[Opening GIVEN MATERIAL section]
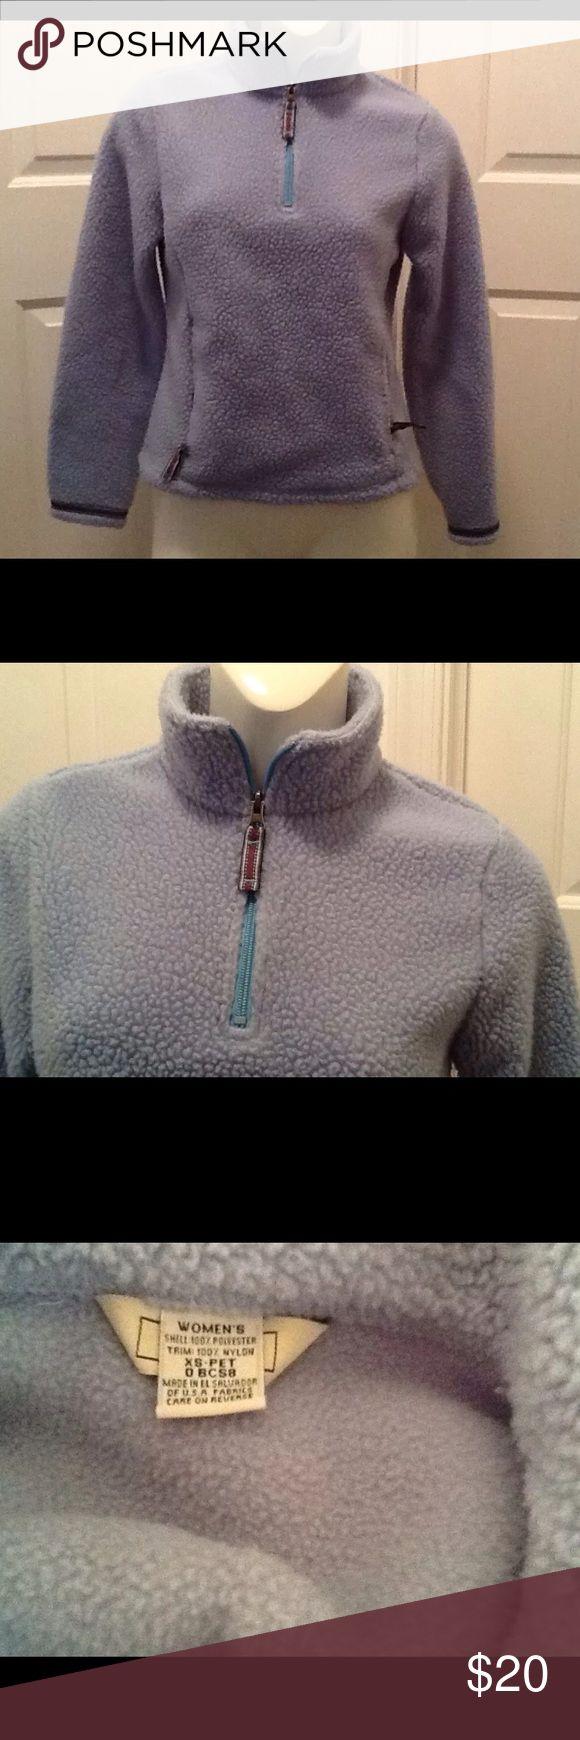 L.L. Bean Polartec Fuzzy 1/4 Zip Pullover L.L. Bean Polertec Fuzzy 1/4 Zip Pullover Sweatshirt. Women's Size XS Petite. L.L. Bean Tops Sweatshirts & Hoodies
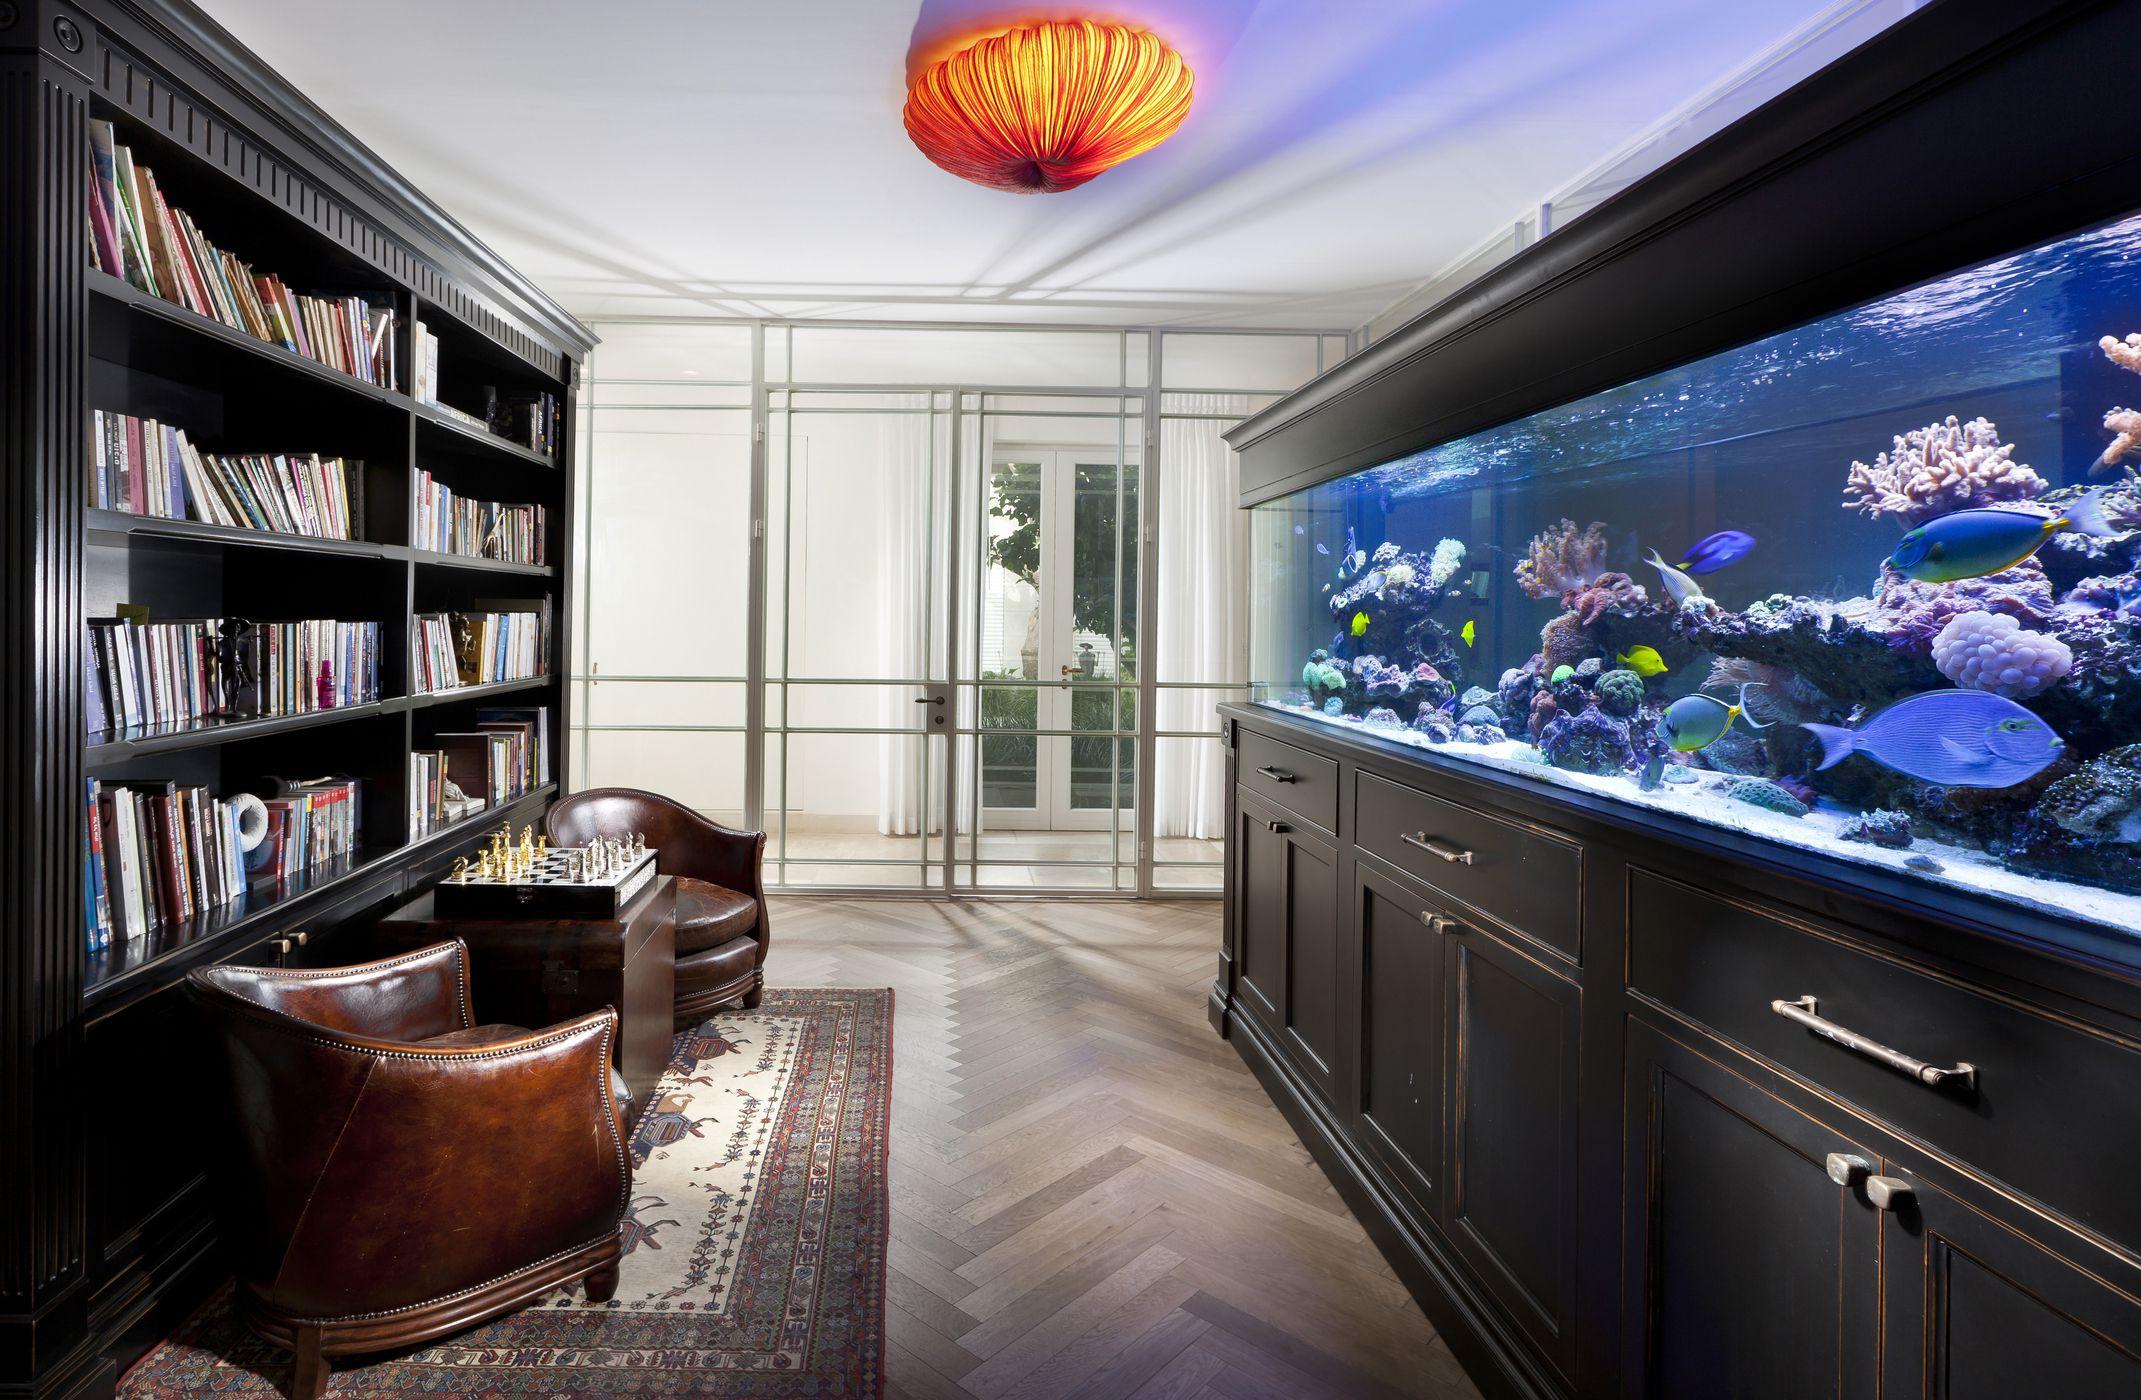 Top 9 Under Aquarium Cabinet WetDry Filter Setups
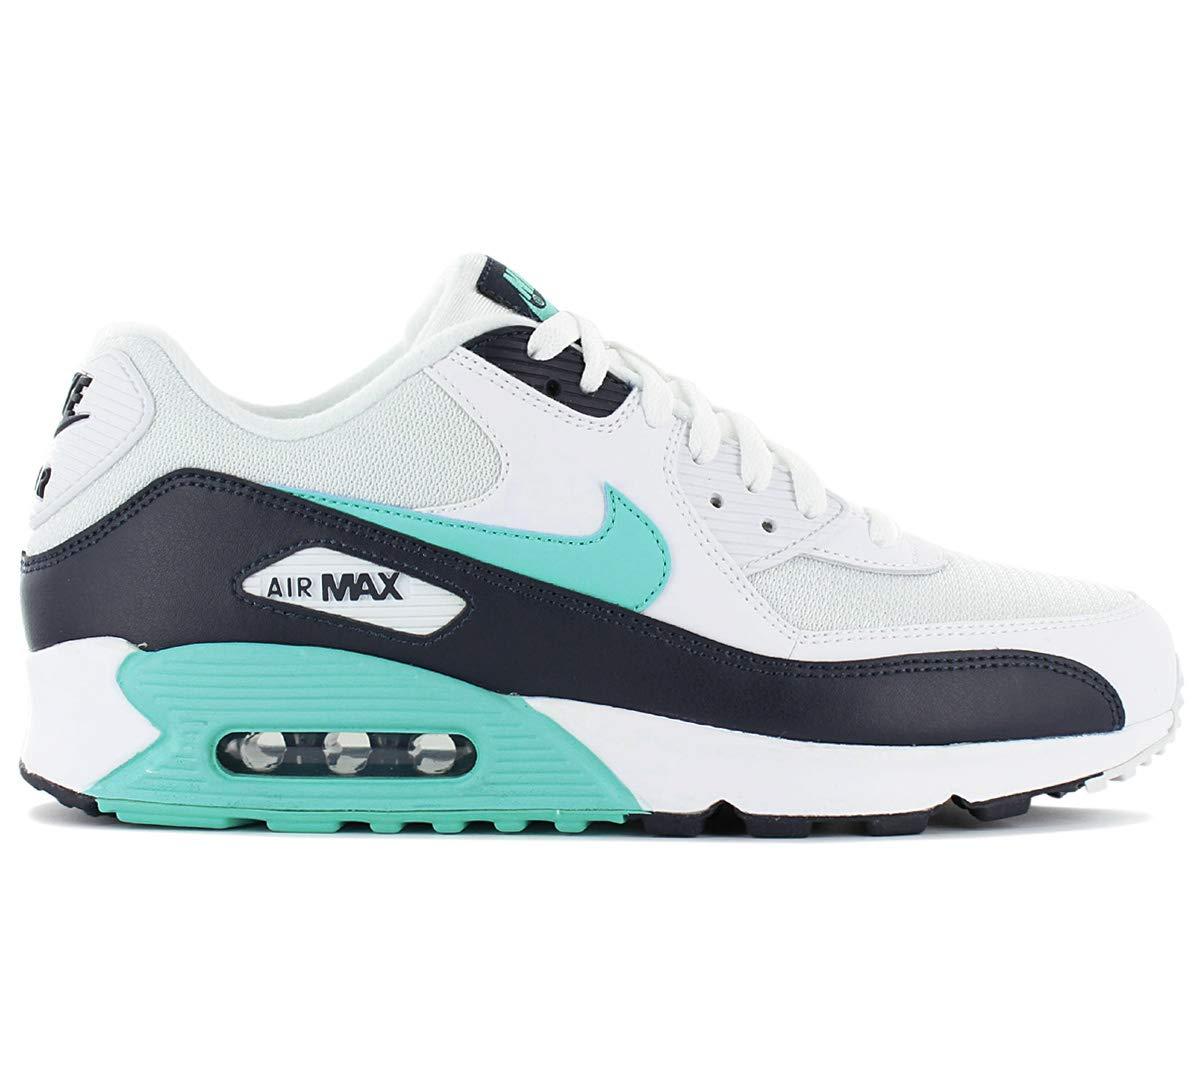 Nike Mens Air Max 90 Essential Running Shoes WhiteAurora GreenObsidian AJ1285 102 Size 8.5
[Closing GIVEN MATERIAL section]
◆ EXERCISE AIM
Please repeat every line from the listing above exactly as it appears. Drop the pictures.

◆ WRITTEN ANSWER
 L.L. Bean Polartec Fuzzy 1/4 Zip Pullover L.L. Bean Polertec Fuzzy 1/4 Zip Pullover Sweatshirt. Women's Size XS Petite. L.L. Bean Tops Sweatshirts & Hoodies
 Top 9 Under Aquarium Cabinet WetDry Filter Setups
 Nike Mens Air Max 90 Essential Running Shoes WhiteAurora GreenObsidian AJ1285 102 Size 8.5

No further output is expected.